• _SOURCE MATERIAL_:
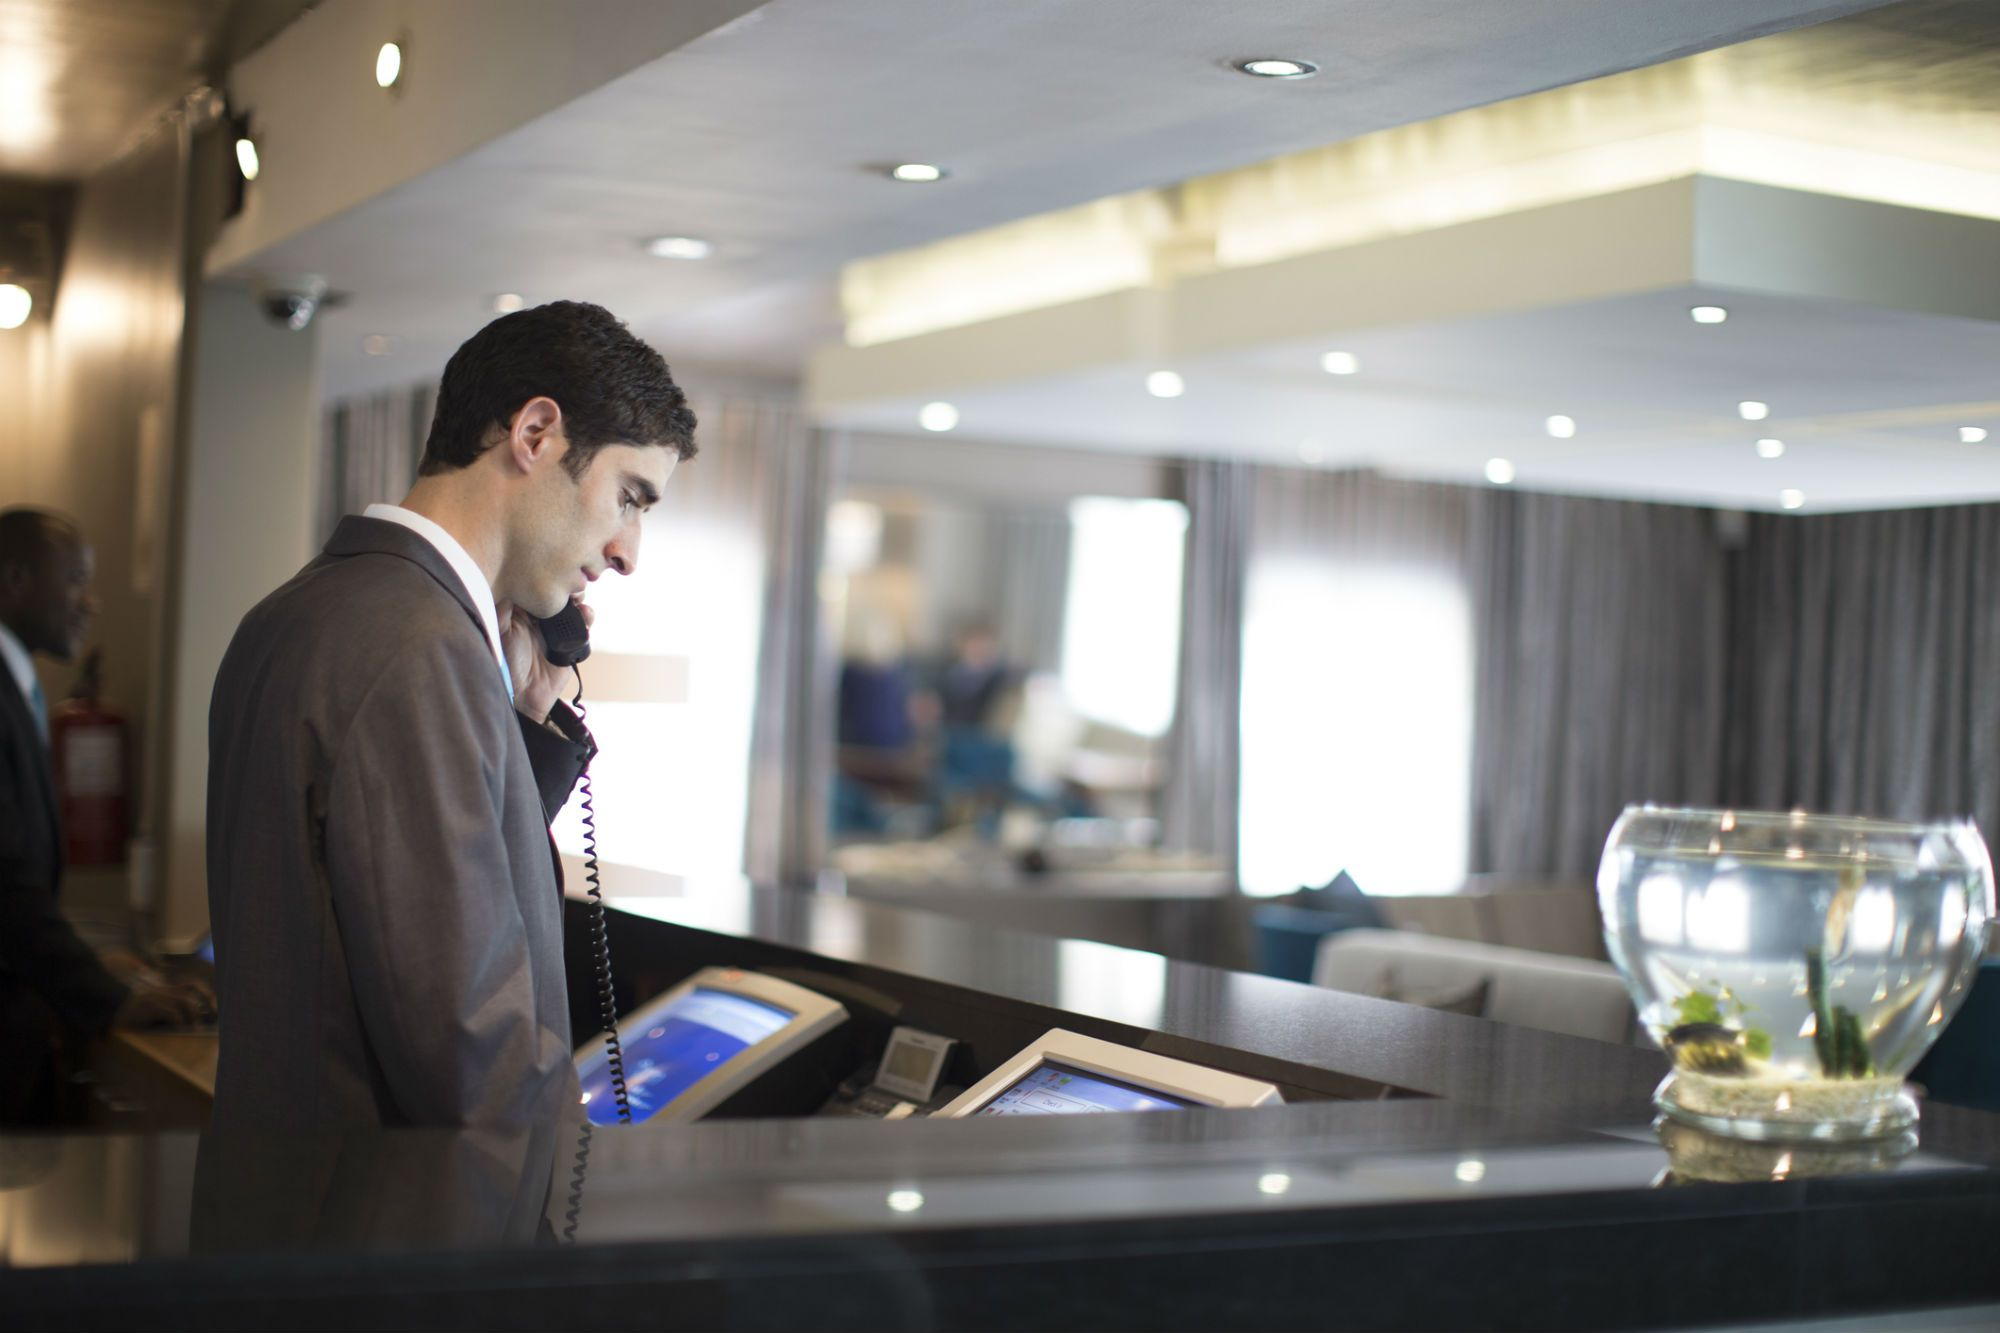 Office Jobs Hiring A Receptionist
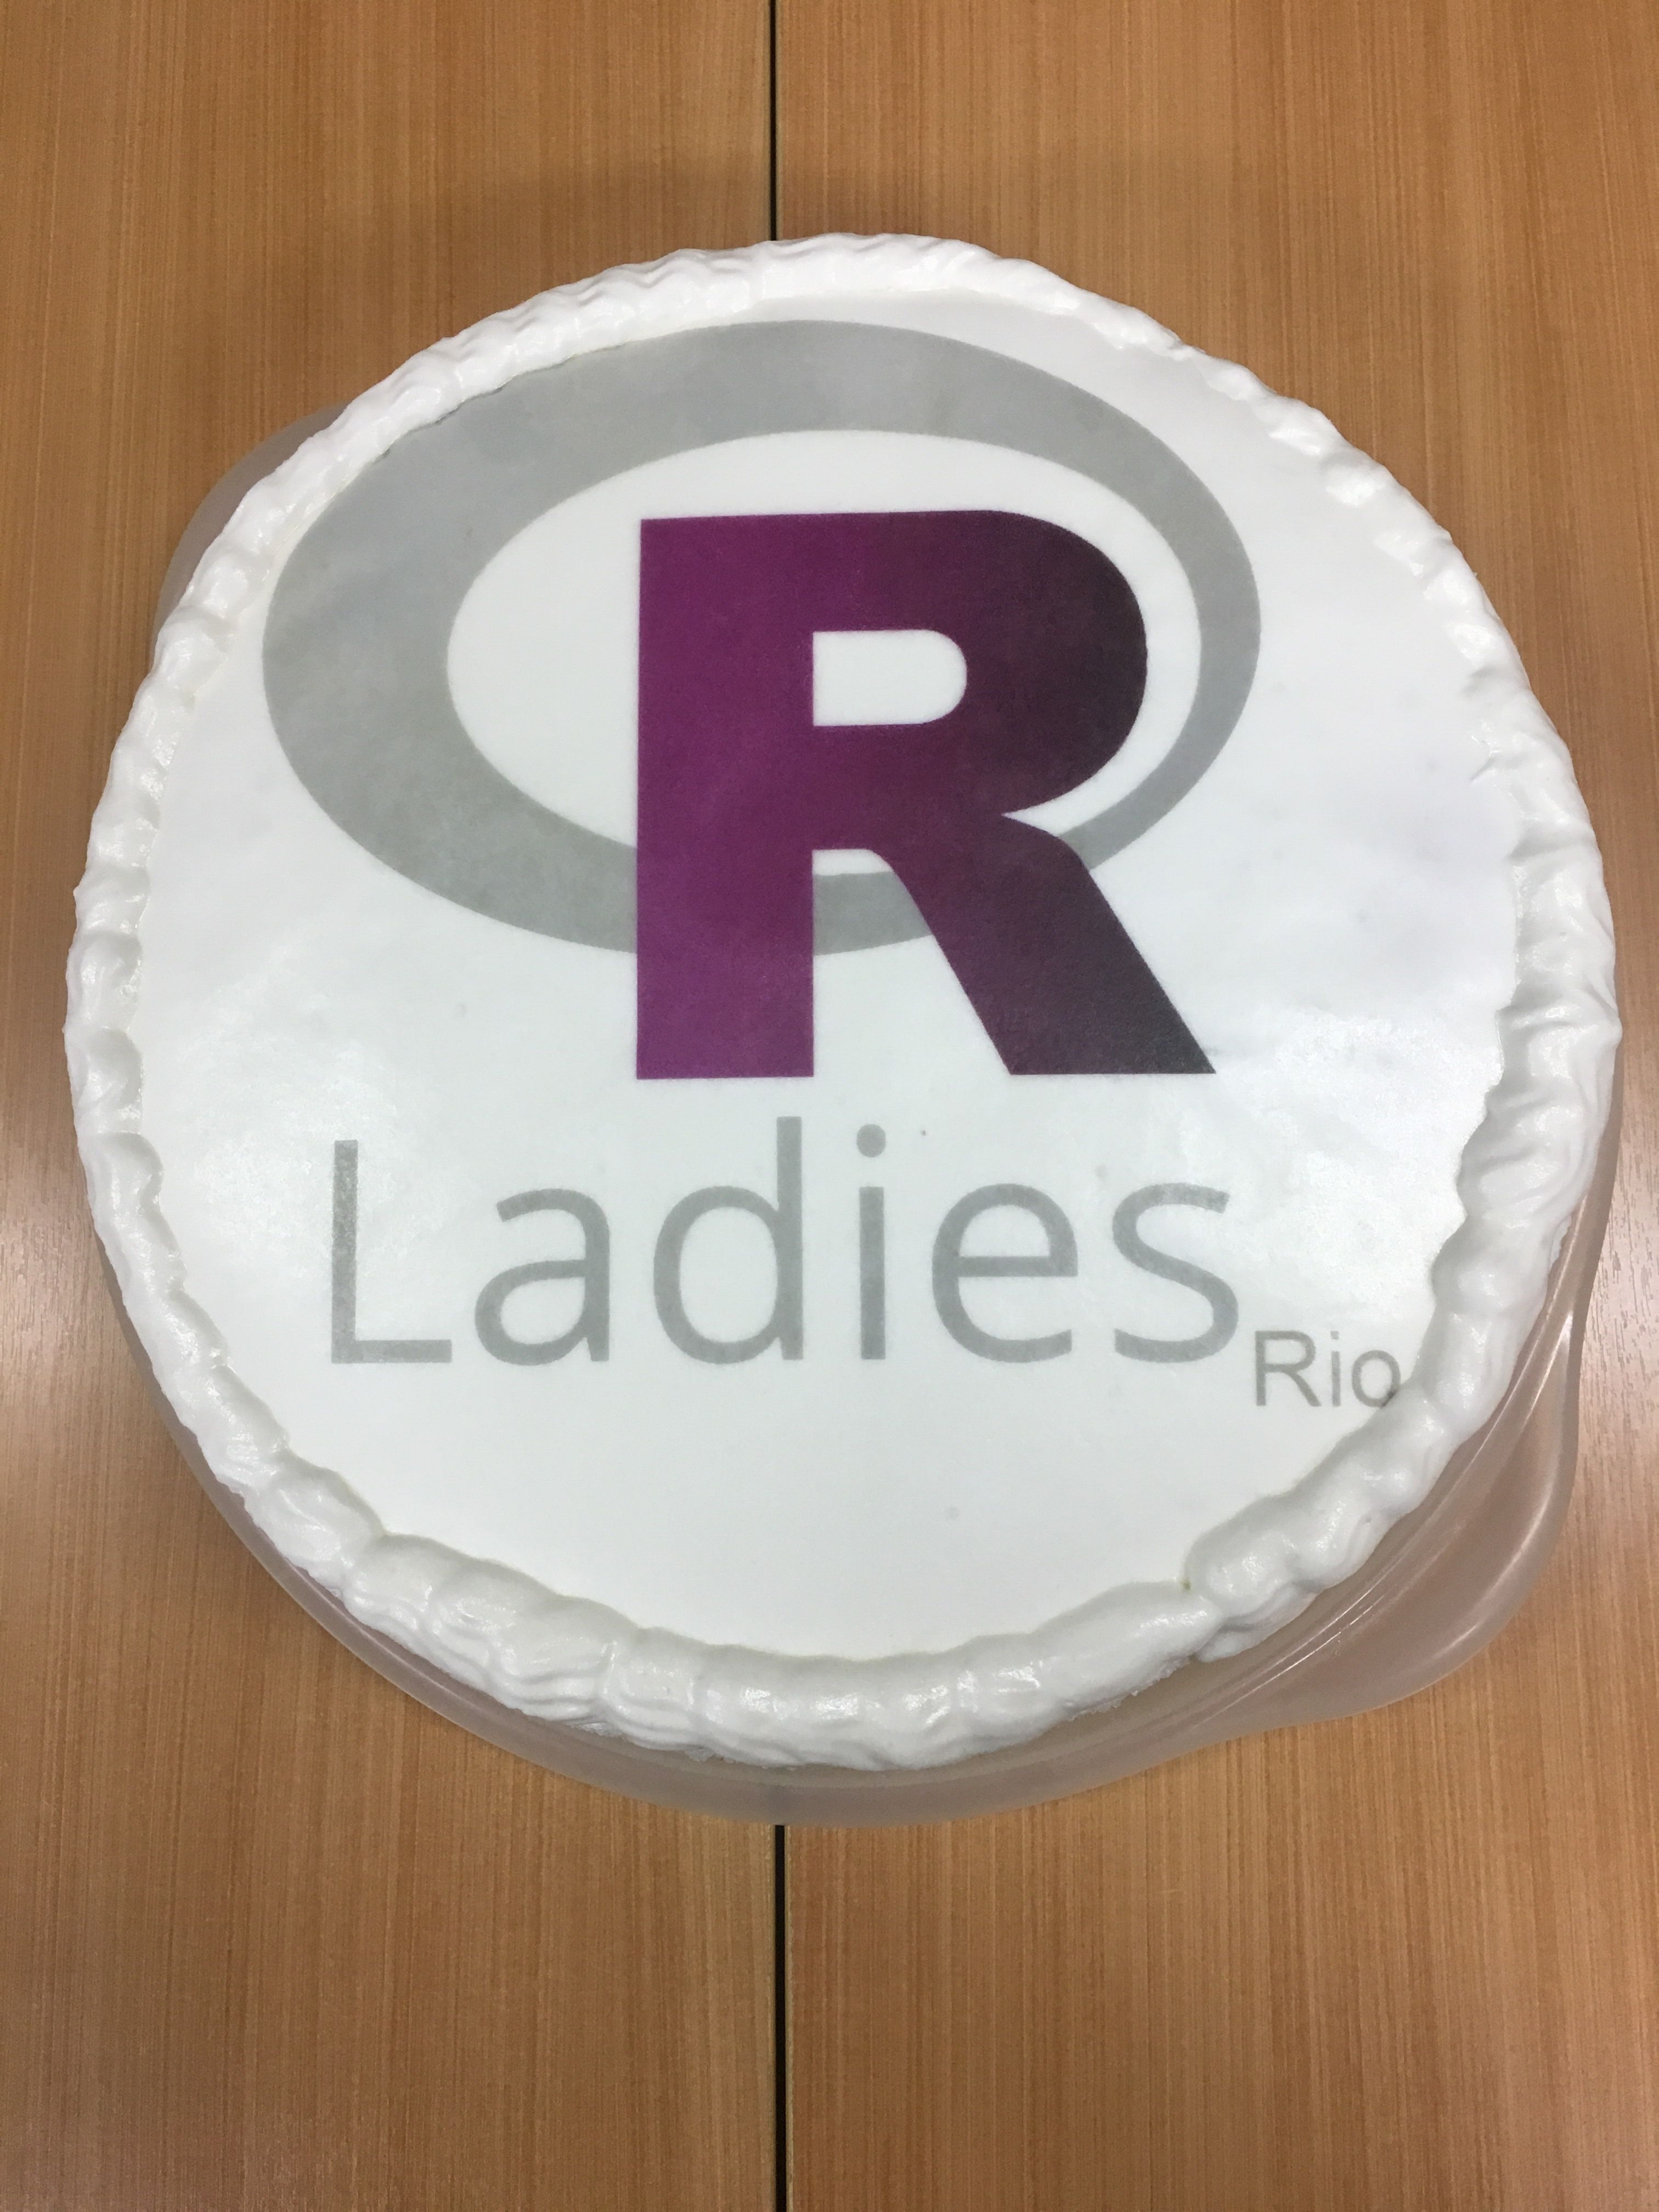 R-Ladies Rio de Janeiro
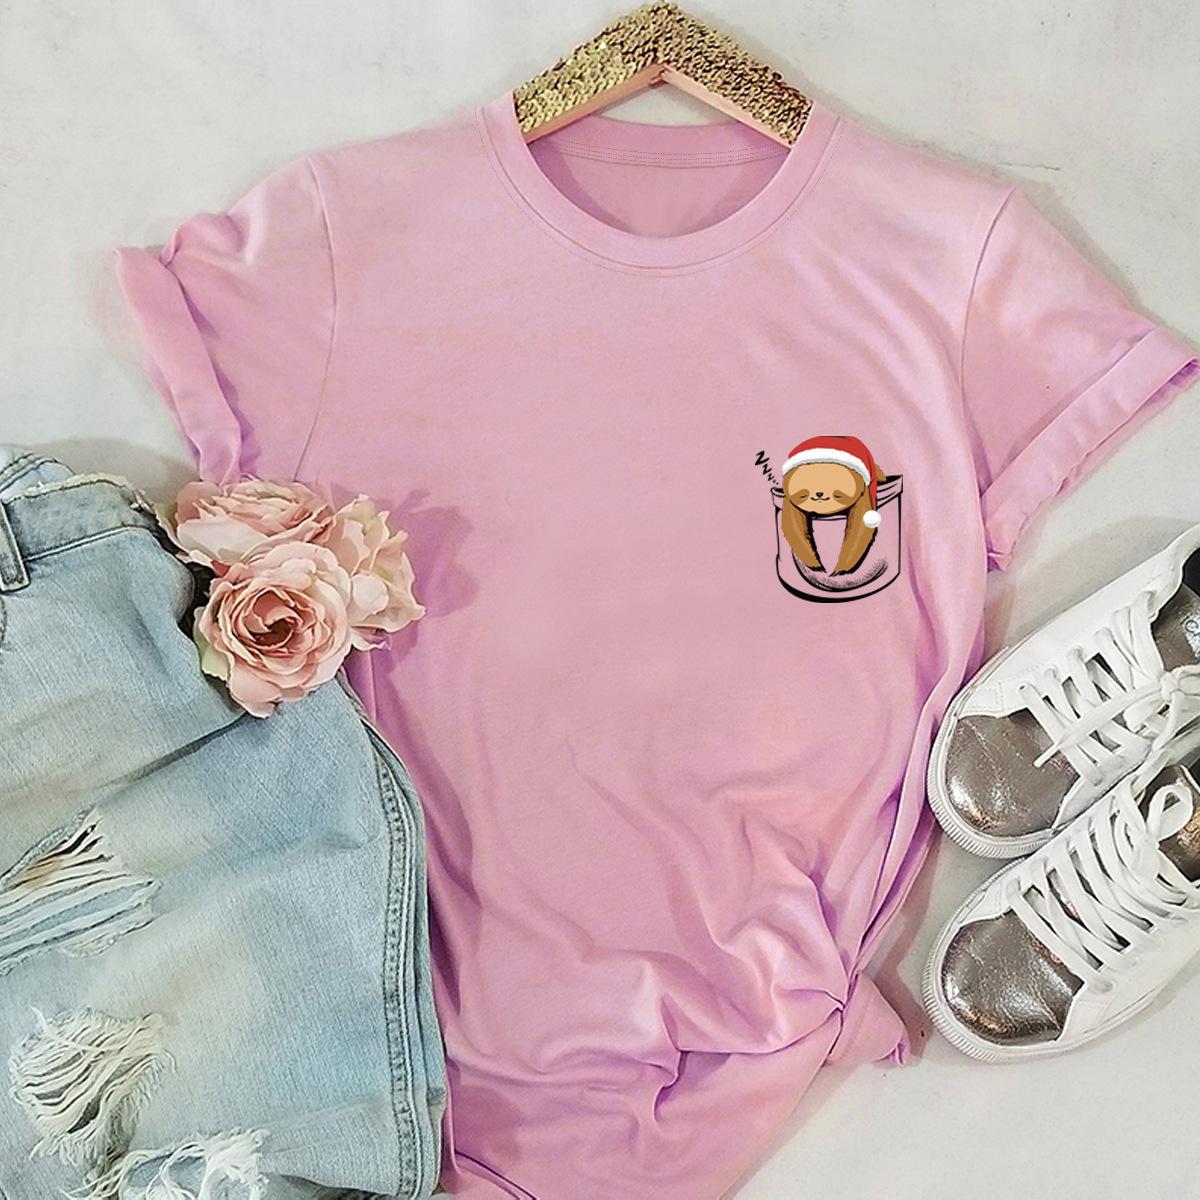 hot selling short-sleeved blouse Merry Christmas pocket sloth t-shirt NSSN2567
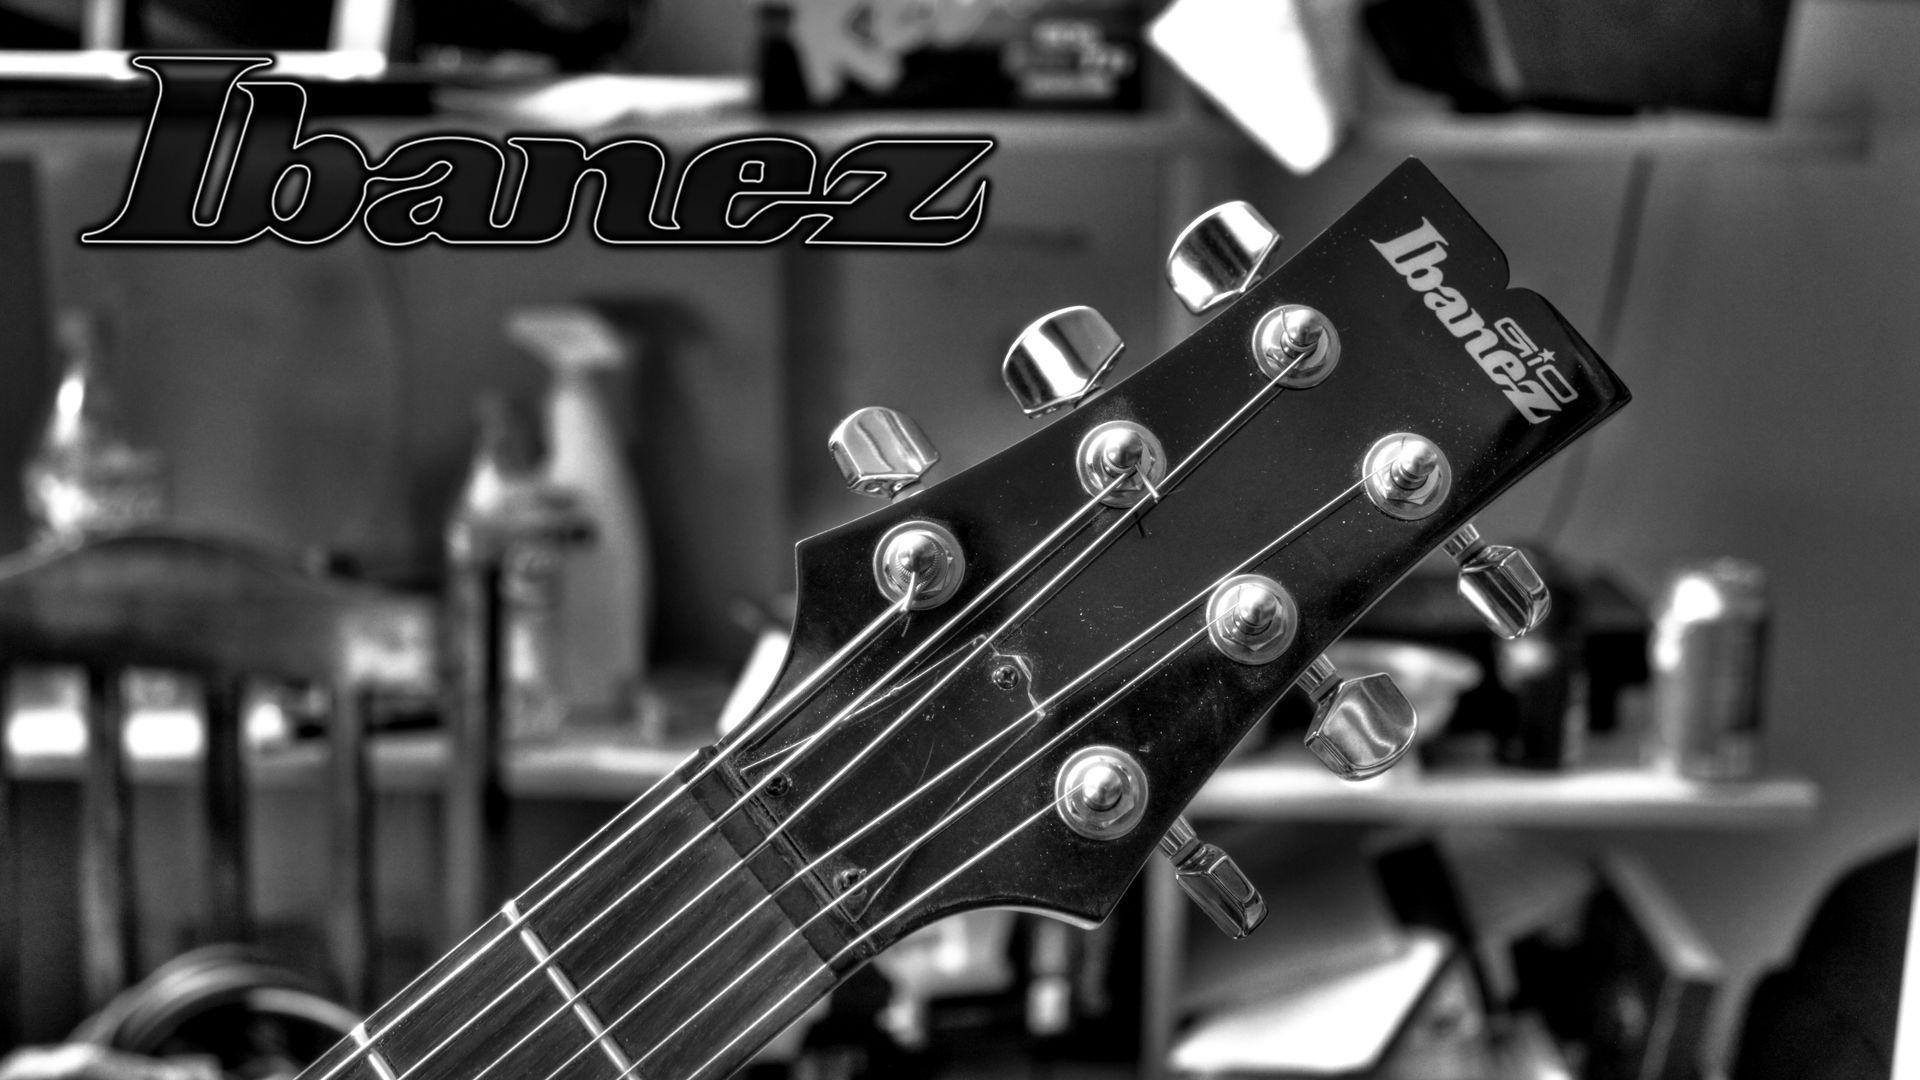 ibanez bass guitar wallpaperon -#main

• _PROBLEM REQUIREMENTS_: With the pictures left out, output exactly the lines that begin at the line containing "hot selling short-sleeved" and end at the last line of the material.

• _RESULT OF THE TASK_:
 hot selling short-sleeved blouse Merry Christmas pocket sloth t-shirt NSSN2567
 ibanez bass guitar wallpaperon -#main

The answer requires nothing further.